Canadians will continue to sign up for television subscriptions despite a proliferation in online alternatives, although the pace of subscription growth for the country’s television subscribers is expected to slow over the next four years.
PwC’s Global Entertainment and Media Outlook 2013-2017 forecasts that the number of television subscribers in Canada will increase by 800,000 by the end of 2017 (or 160,000 a year). Until recently, the industry was adding about 220,000 each year, but services such as Netflix have cut into that rate of growth as consumers embrace technology that allows them to watch their favourite shows for less money.
But several studies have suggested that so-called “cord cutting,” whereby consumers cancel their traditional television packages in favour of online alternatives, has yet to have a serious effect on subscriber numbers in this country. Consulting firm Deloitte Canada recently said 99 per cent of those who subscribe to paid television service through traditional cable, satellite and IPTV providers will remain customers because they don’t want to miss out on live programming and the reality shows that everyone talks about incessantly after they air.

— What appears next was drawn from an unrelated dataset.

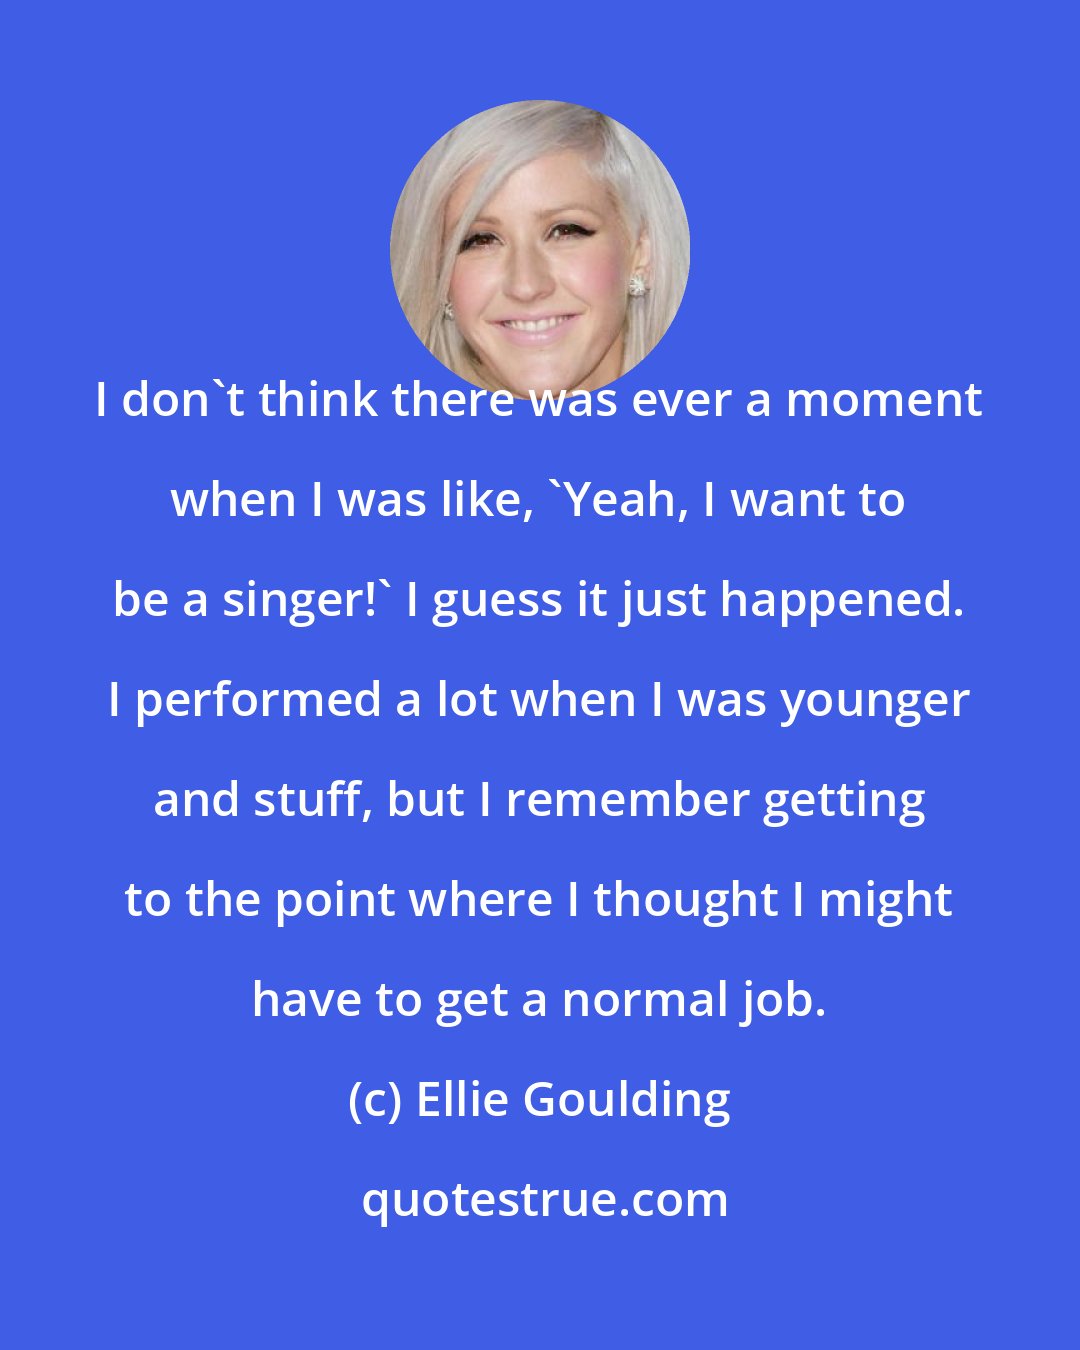 Ellie Goulding: I don't think there was ever a moment when I was like, 'Yeah, I want to be a singer!' I guess it just happened. I performed a lot when I was younger and stuff, but I remember getting to the point where I thought I might have to get a normal job.

There are about 12 million Canadian households with television subscriptions in Canada. Netflix, the dominant online player, has signed up an estimated 2 million subscribers since launching here two years ago.
While the industry may continue to add subscribers, competition between cable companies and IPTV providers (Internet protocol television) will likely drive down revenue. The industry pulled in an estimated $6.9-billion in 2012, and is forecast to bring in $6.4-billion in 2017.
“All the main operators compete for broadband and telephony customers as well as TV subscribers and, in a market with limited growth prospects, competition is likely to become sharper,” the report stated.